As it manifests in my country, it seems closer to literalism and fundamentalism than to any sort of theological sophistication. People’s religious practices around holidays and such, especially in rural areas, get heavily mixed with magical and superstitious practices; old and sickly people form huge queues for the better part of a day, in hostile weather conditions, to worship and kiss encased saint corpses which they believe have magical healing properties; nothing “sells” a saint’s biography better than miracles performed and extreme acts of abstinence.
That’s not literalism. If you look in the bible you will find nothing about the healing properties of saints’ corpses or nearly all of the superstitions you observe. These traditions are in fact examples of a paganized legacy.

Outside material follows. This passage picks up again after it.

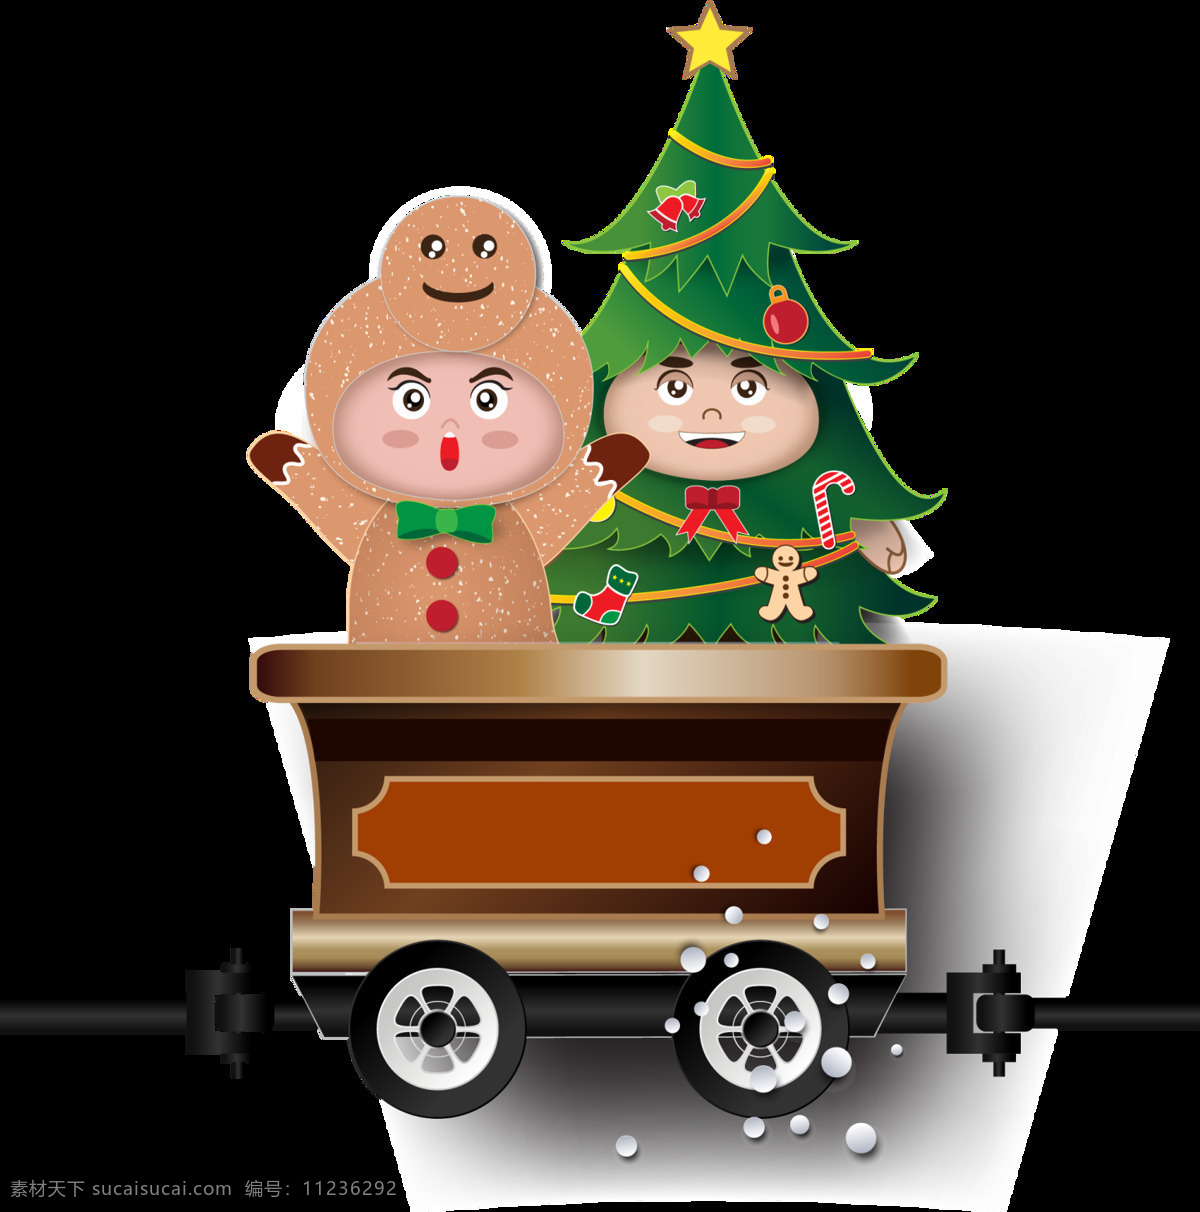 手绘 火车 圣诞树 元素 png元素 奔跑 免抠元素 圣诞节 透明元素

I’ll take your word for it, I have never read the entire Bible. It’s typical of Eastern Orthodox Christianity to accept a much larger body of traditions than the Scriptures in what it considers “canon”; basically almost all the church activity during the Byzantine Empire (minus, majorly, the iconoclastic period), with a few pre-Schism Western influences. I get that Protestantism and its derivatives reject church tradition (?), while Catholicism has its own unique tradition, developed in parallel and on different lines than Orthodoxy. That’s what paganization means, accepting non-Bible influences into a Christian religion? (Going by the name, I thought it meant including influences of polytheistic pre-Christian religions.)
That’s not literalism. If you look in the bible you will find nothing about the healing properties of saints’ corpses or nearly all of the superstitions you observe. These traditions are in fact examples of a paganized legacy.
I’ll take your word for it, I have never read the entire Bible. It’s typical of Eastern Orthodox Christianity to accept a much larger body of traditions than the Scriptures in what it considers “canon”; basically almost all the church activity during the Byzantine Empire (minus, majorly, the iconoclastic period), with a few pre-Schism Western influences. I get that Protestantism and its derivatives reject church tradition (?), while Catholicism has its own unique tradition, developed in parallel and on different lines than Orthodoxy. That’s what paganization means, accepting non-Bible influences into a Christian religion? (Going by the name, I thought it meant including influences of polytheistic pre-Christian religions.)
Yes, much veneration of Saints is the syncretized version of the worship of pre-Christian gods.